Exercise requirements: Lower down are entries containing pictures. Copy exactly, without those pictures, the lines from the line with "View of Uncastillo" through the line with "Callaway Apparel Mens".

Record set:

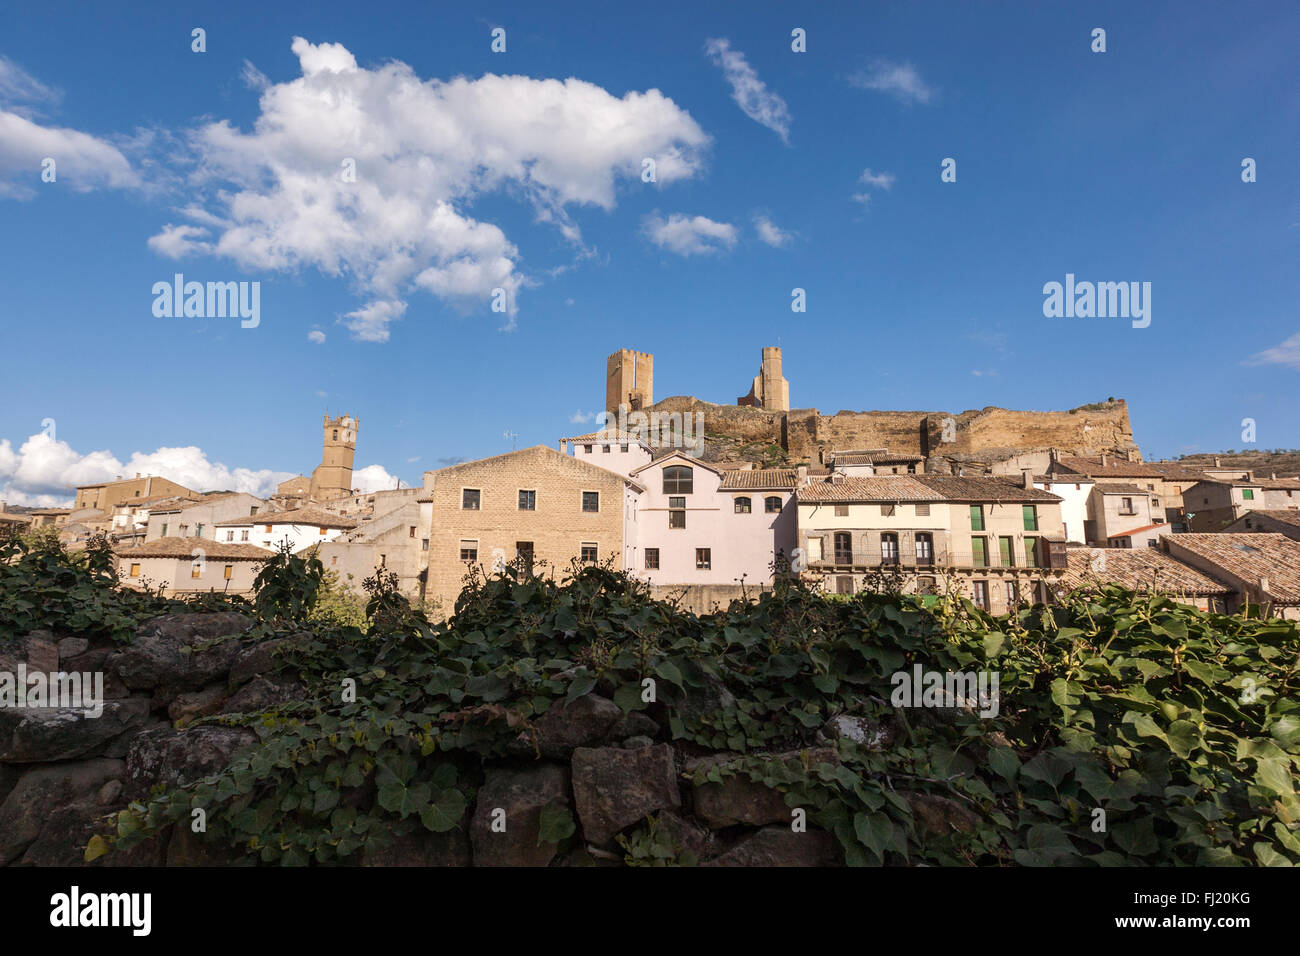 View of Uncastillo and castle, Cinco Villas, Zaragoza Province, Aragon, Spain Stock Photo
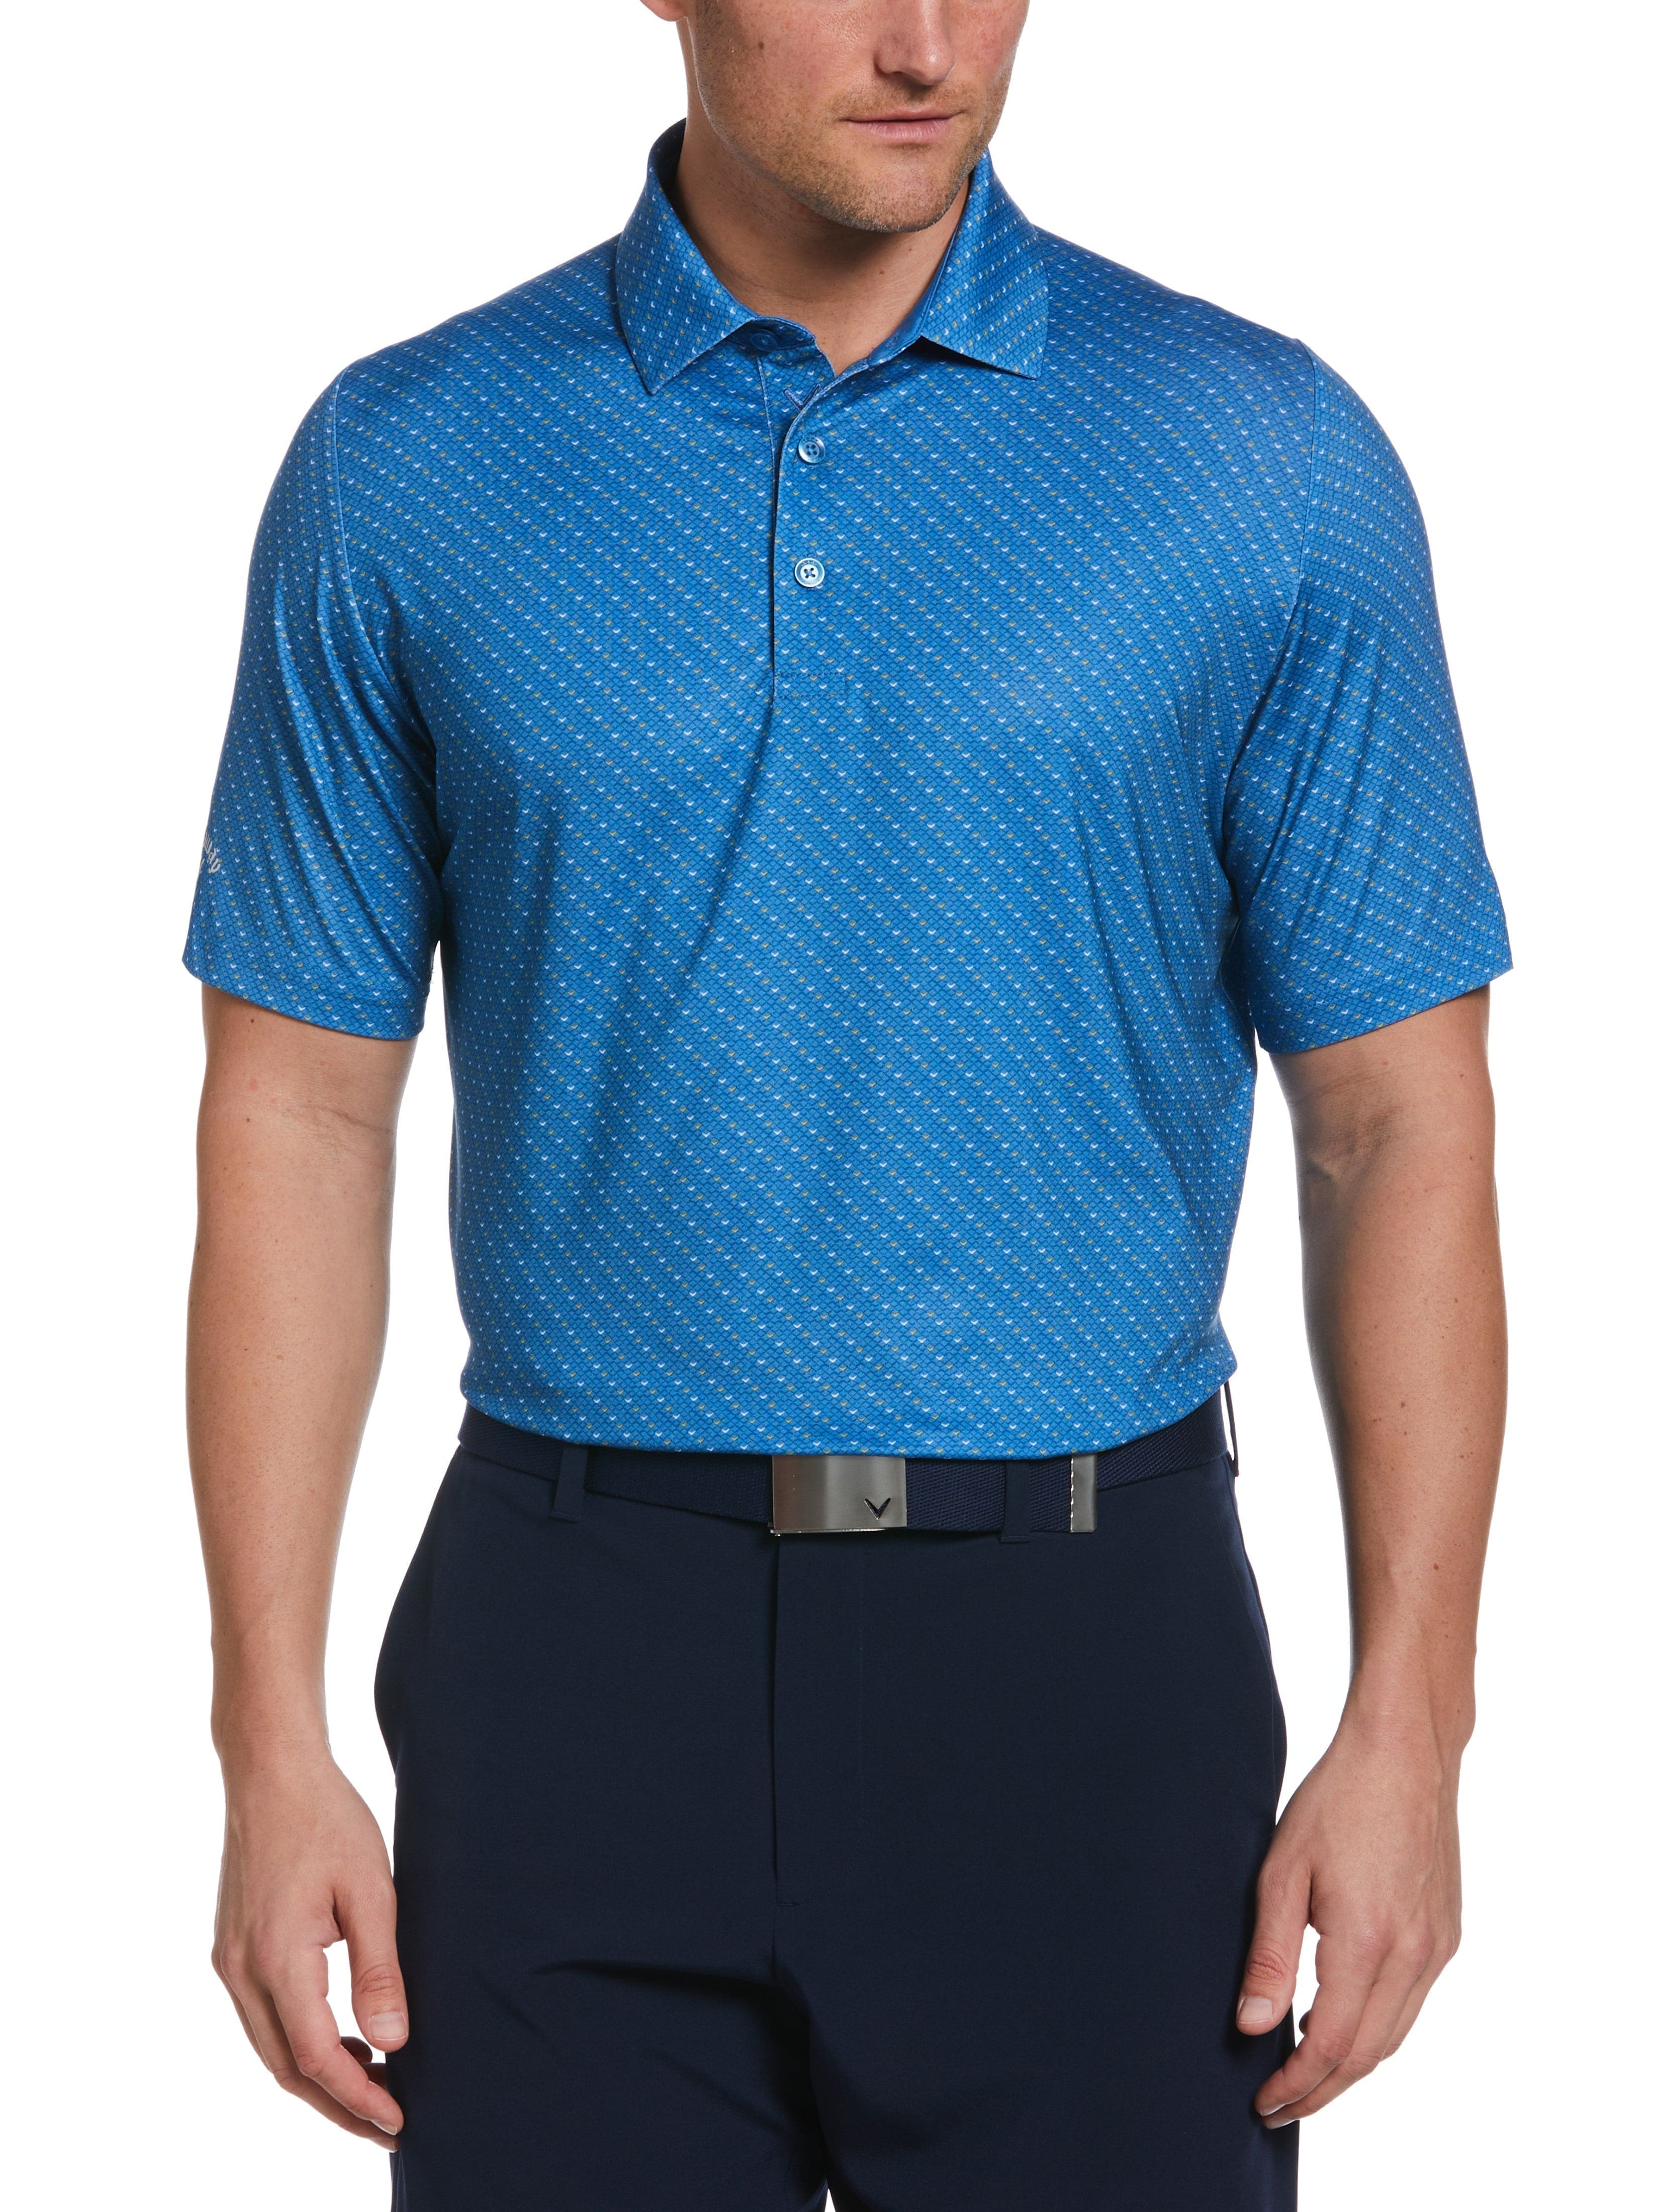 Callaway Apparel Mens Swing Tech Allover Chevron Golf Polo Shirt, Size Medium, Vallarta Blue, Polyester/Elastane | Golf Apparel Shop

==

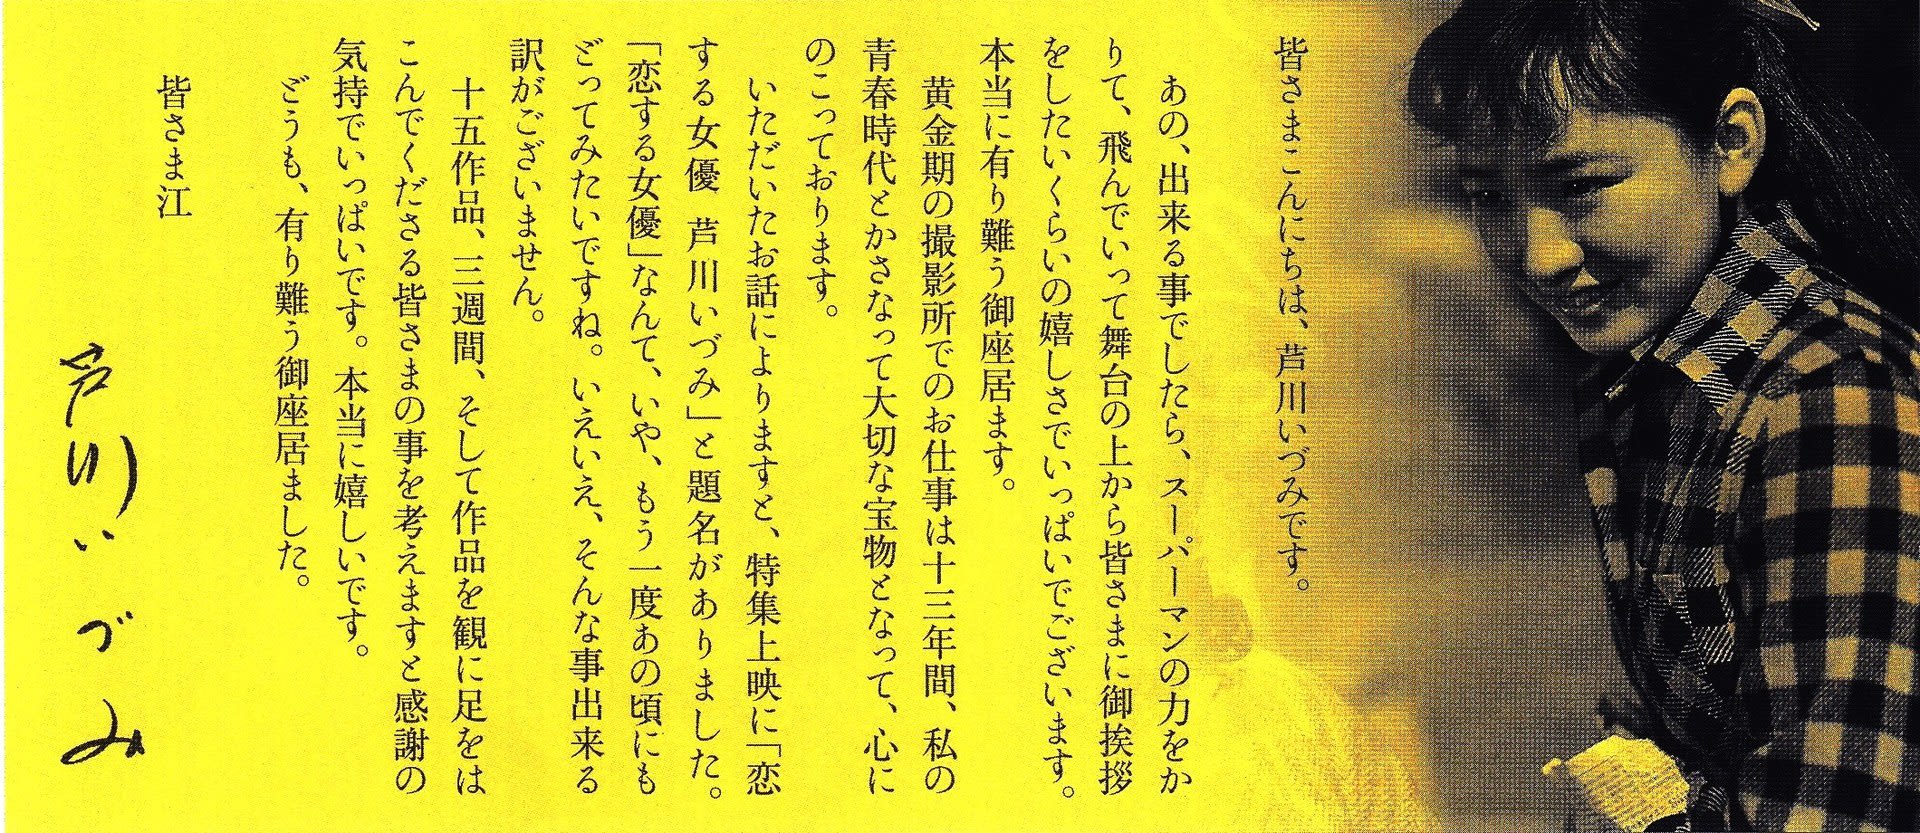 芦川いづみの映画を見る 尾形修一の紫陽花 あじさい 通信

Solution to the problem:
 View of Uncastillo and castle, Cinco Villas, Zaragoza Province, Aragon, Spain Stock Photo
 Callaway Apparel Mens Swing Tech Allover Chevron Golf Polo Shirt, Size Medium, Vallarta Blue, Polyester/Elastane | Golf Apparel Shop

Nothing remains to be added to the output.